* _Task goal_
Leaving the pictures aside, return all of the data below exactly.

* _Provided data_
━━━━━━━━━━━━━━━━━━━━━━━━━━━━━━

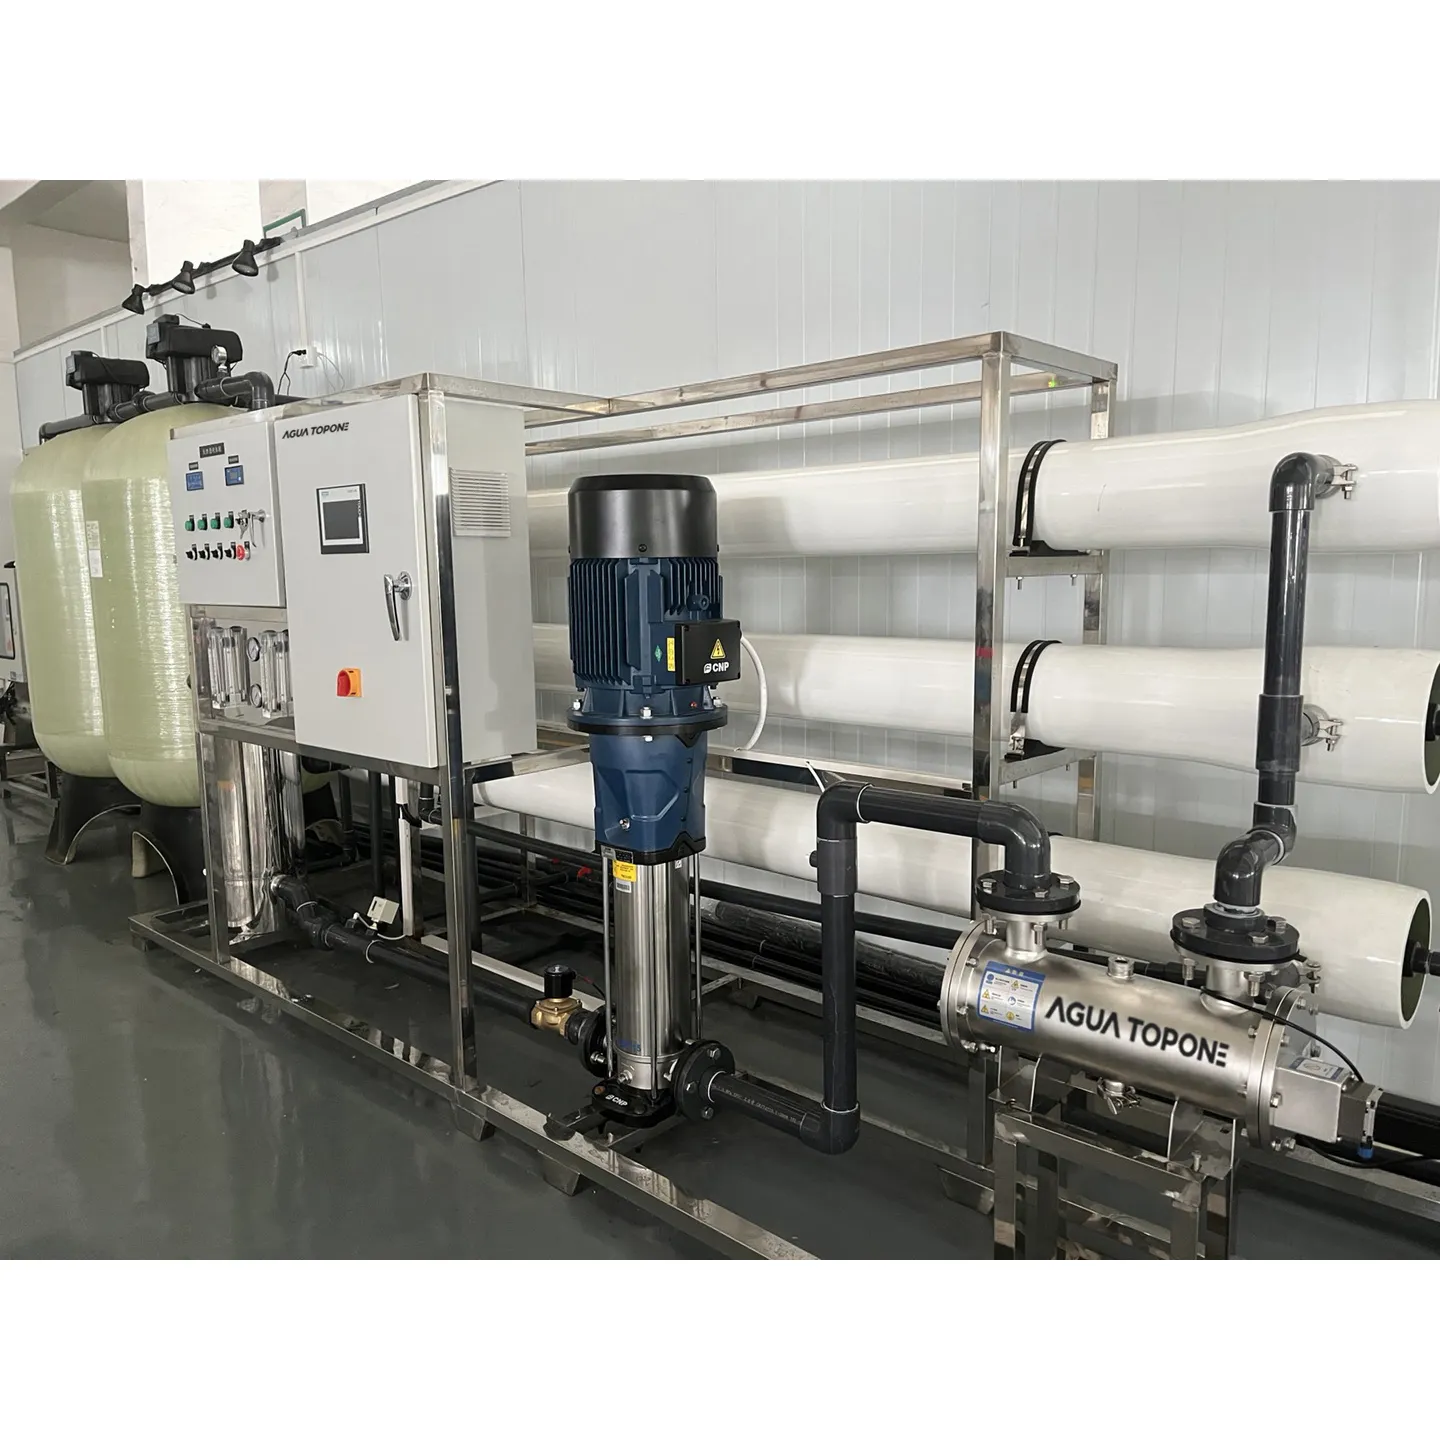 AGUA TOPONE Water Desalination Reverse Osmosis Plant Dialysis Reverse Osmosis Salt Water Treatment System
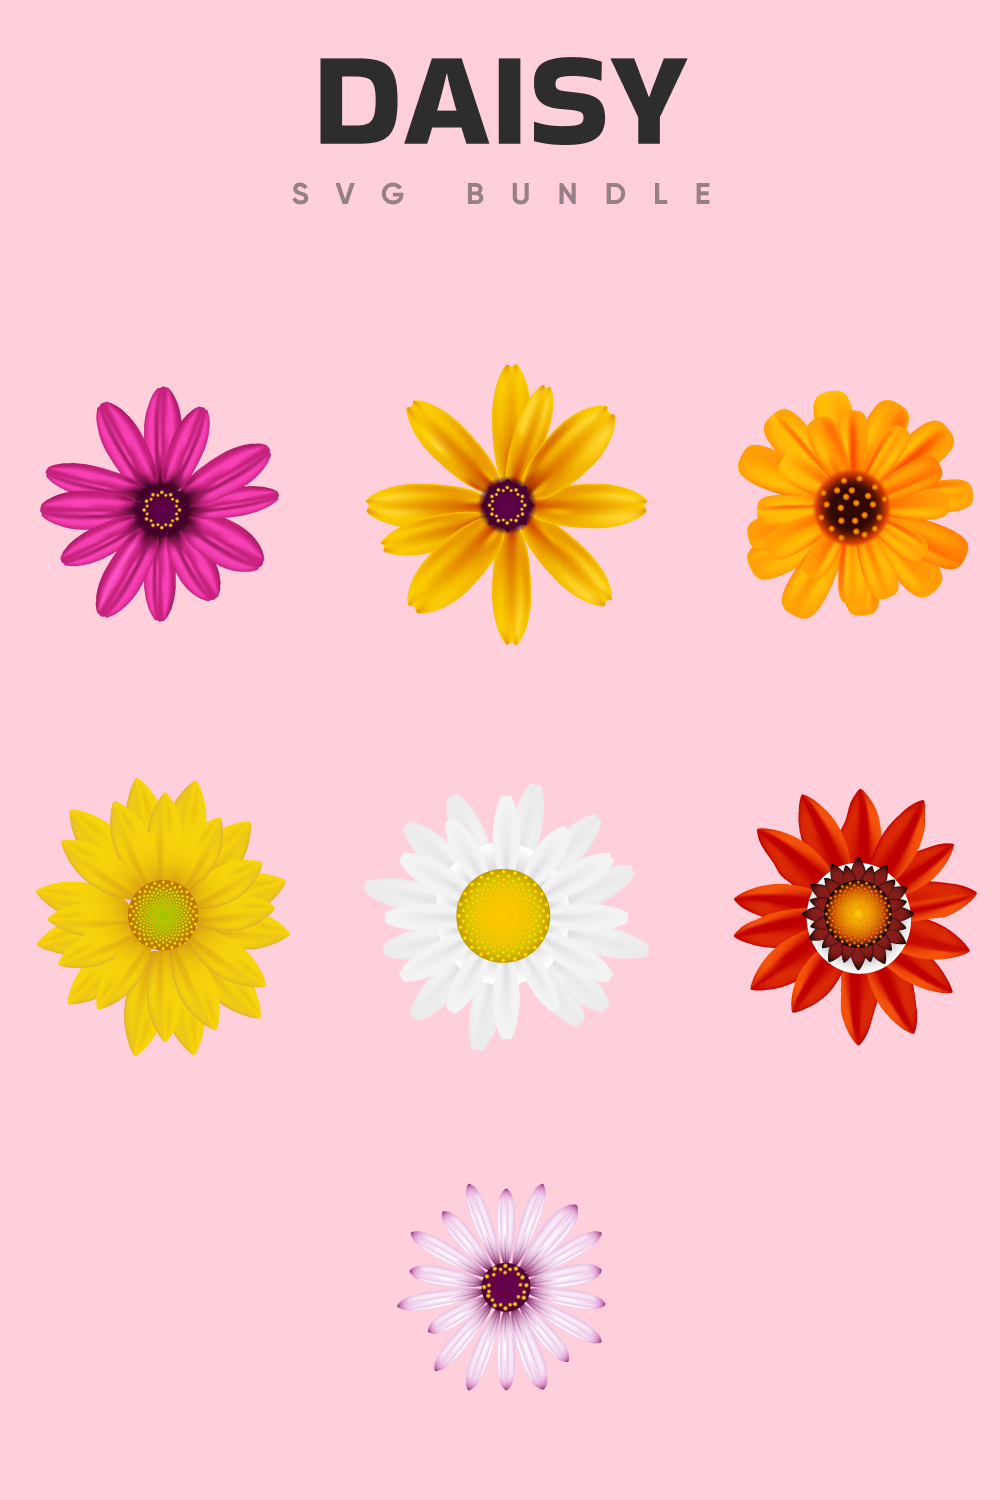 Cute daisies in the different colors.
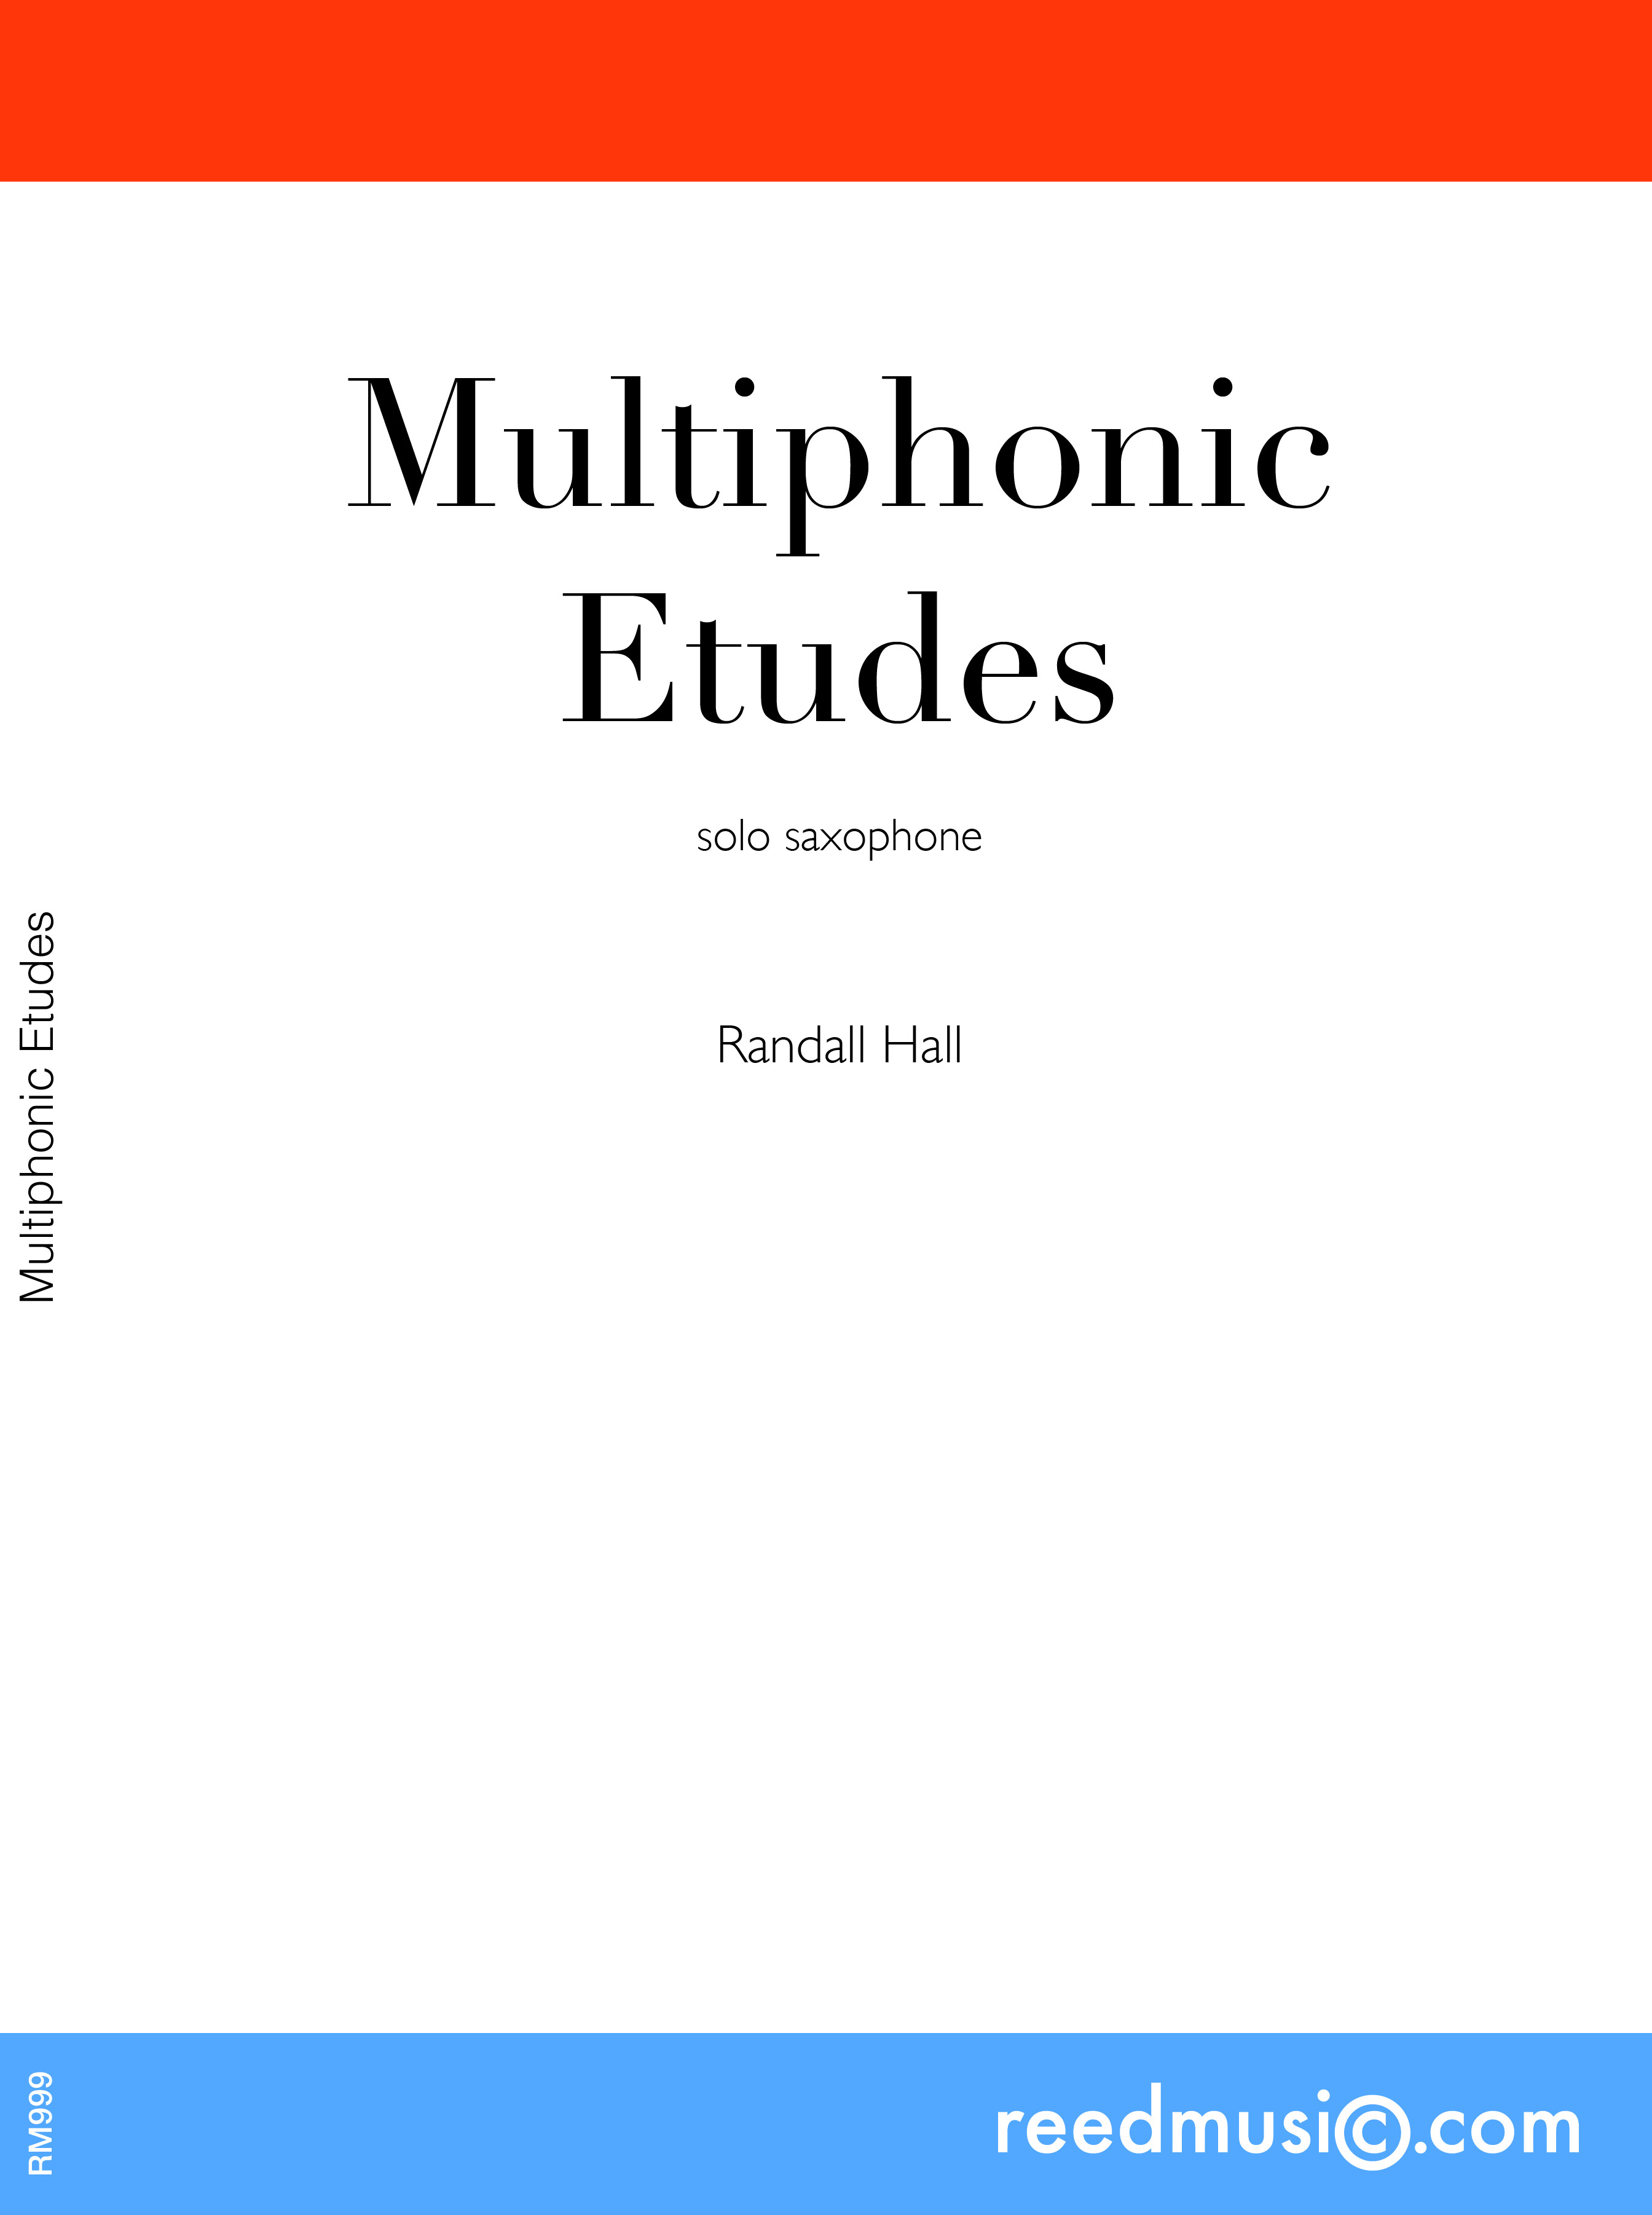 global Foundation forest Multiphonic Etudes (24 Pieces) | Reed Music
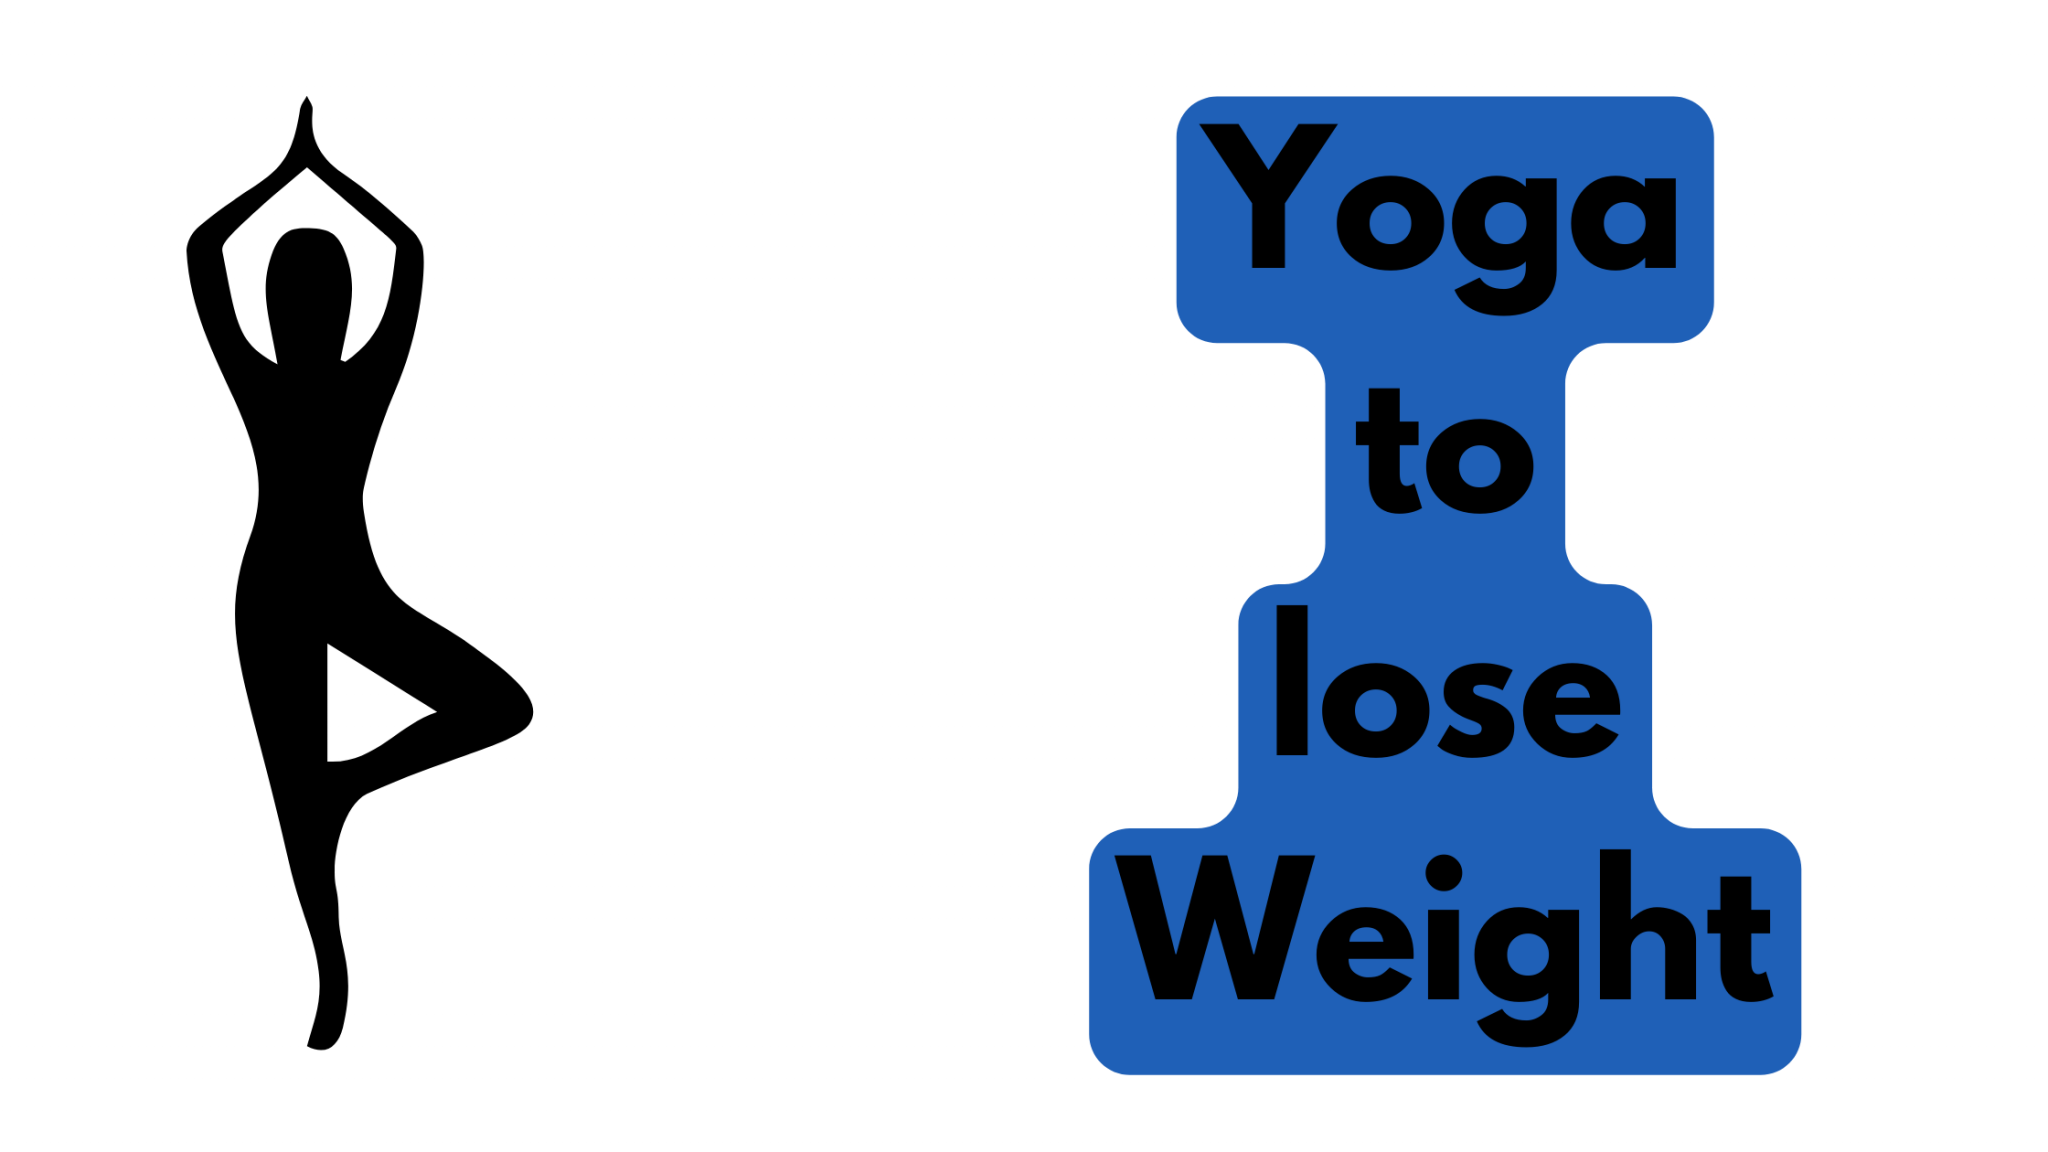 Yoga to lose weight

━━━━━━━━━━━━━━━━━━━━━━━━━━━━━━

* _Reply to the exercise_
 AGUA TOPONE Water Desalination Reverse Osmosis Plant Dialysis Reverse Osmosis Salt Water Treatment System
 Cute daisies in the different colors.
 global Foundation forest Multiphonic Etudes (24 Pieces) | Reed Music
 Yoga to lose weight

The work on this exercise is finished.